Here's what I found so far:
djm914-6
I'm not sure if it looks worse or better than I though before I started.
djm914-6
The bad:
djm914-6
the ugly:
djm914-6
can anyone say rear clip:
djm914-6
Maybe a new chassis would be better... and this is just the first of three I want to work on:
djm914-6
Can someone tell me why there was a pound of SAND inside the sail area?
Katmanken
Sand was prolly from the PO sandblasting the rust. That stuff goes everywhere and you can't get it all out. Hit a bump and it migrates.

Ask Sor Ahndie about sand cascading out of his car fpr years.

Now you know why I hate Bondo. Most of that stuff is porous and absorbs water. Every time I grind it off , I find rust. Some types are not porous. Evercoat used to sell one.

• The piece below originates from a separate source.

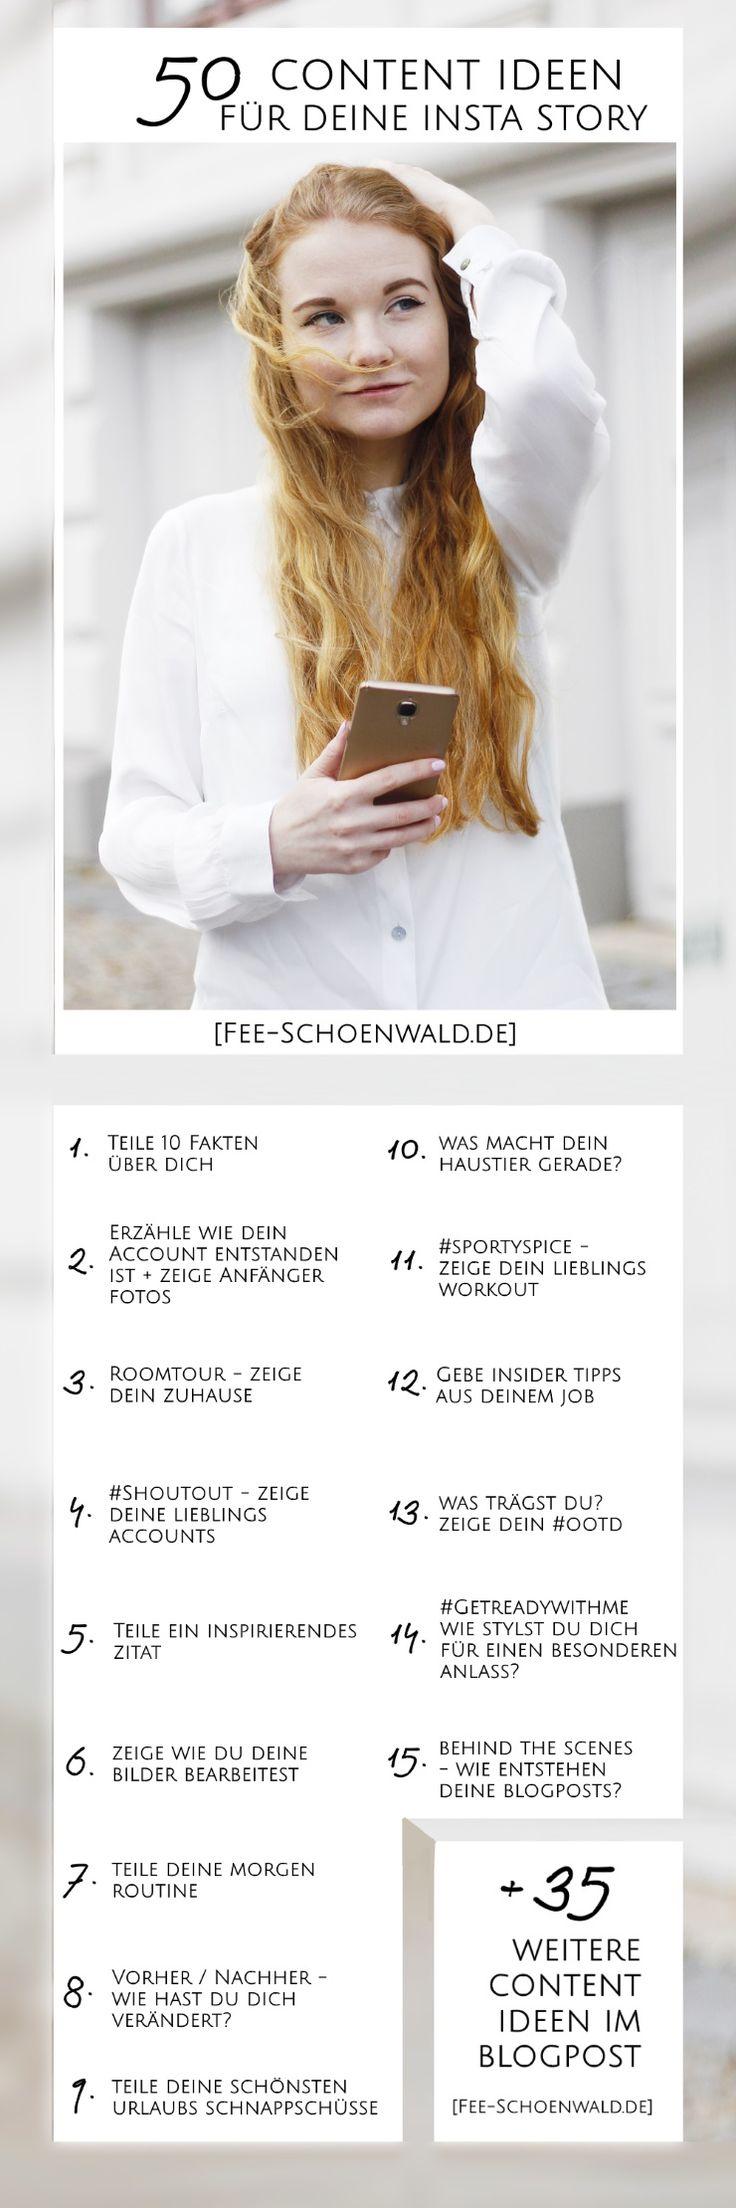 Fee Schoenwald Blogger Tipps 50 Content Ideen Instagram Story
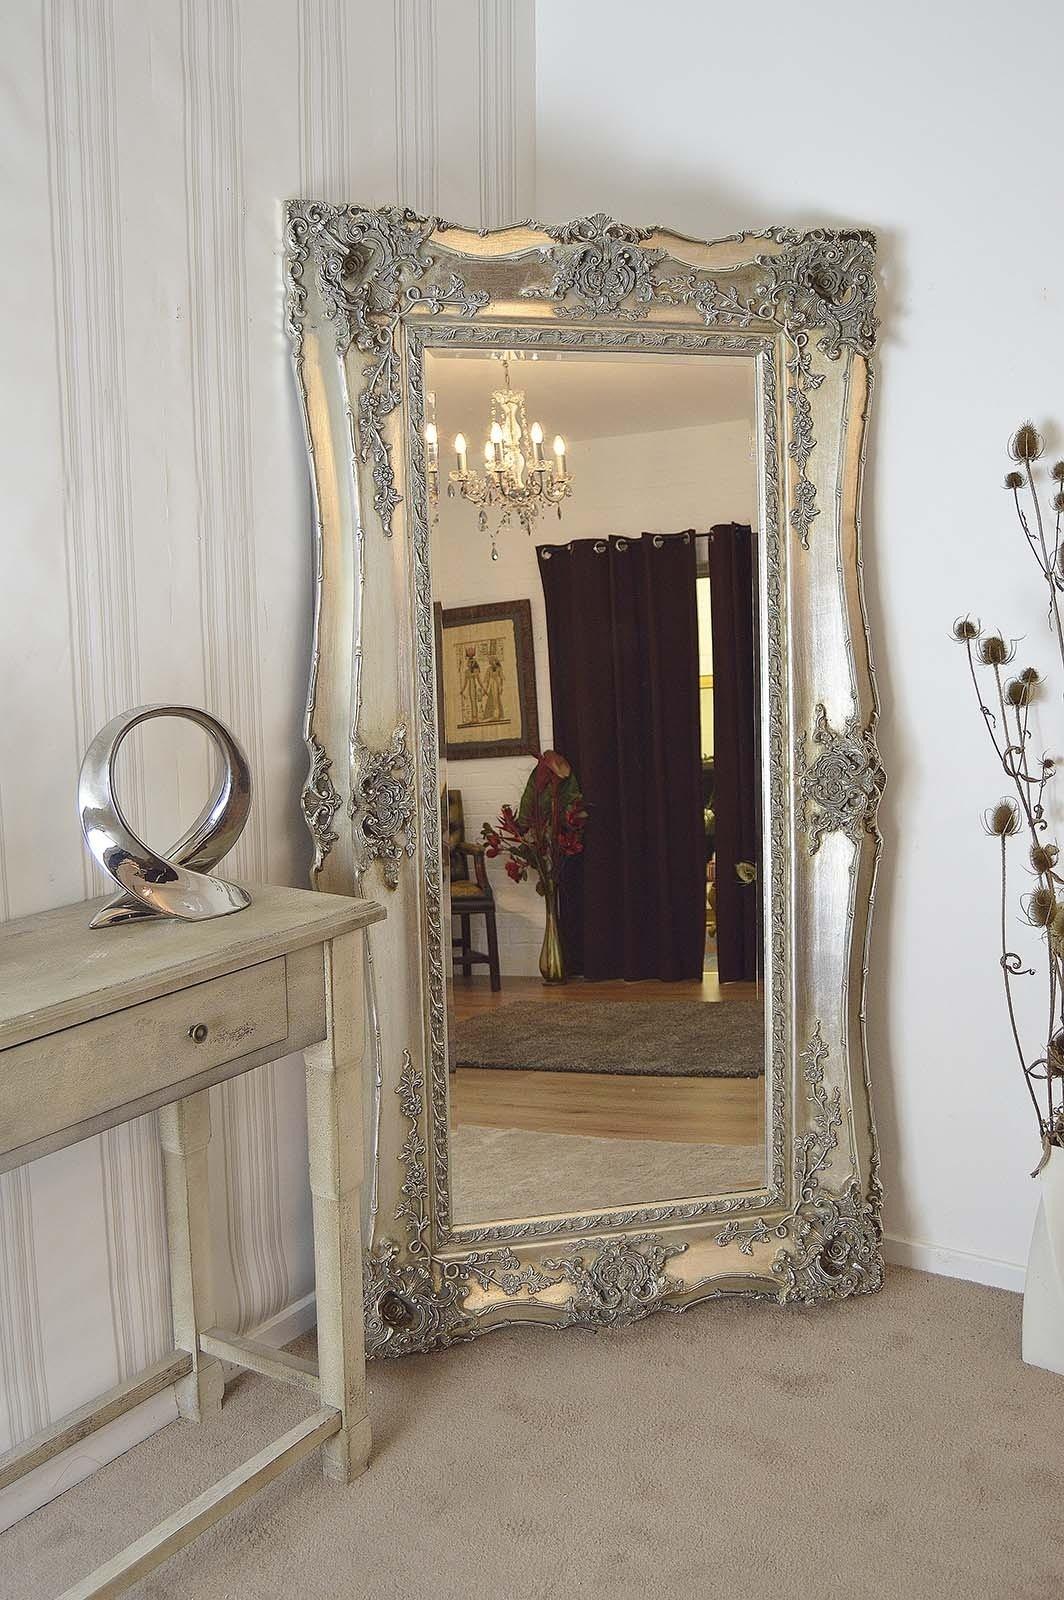 Huge Full Length Wall Mirror Huge Full Length Wall Mirror flooring impressive ornate floorror photo design best ideas 1064 X 1600

Have me one of those John Kelley shrinking disks now so I can shrink the stretched metal. Then I will need no bondo. wub.gif

Tried it on a bumper. I'm freeking amazed as to what it can do. smilie_pokal.gif

Ken
djm914-6
So far, I can't figure out what could have been blasted. As far as I can tell, the yellow paint below is original. There is a black primer on the car the the stripper didn't touch. Below that is a bit of plastic pitty and shiney metal.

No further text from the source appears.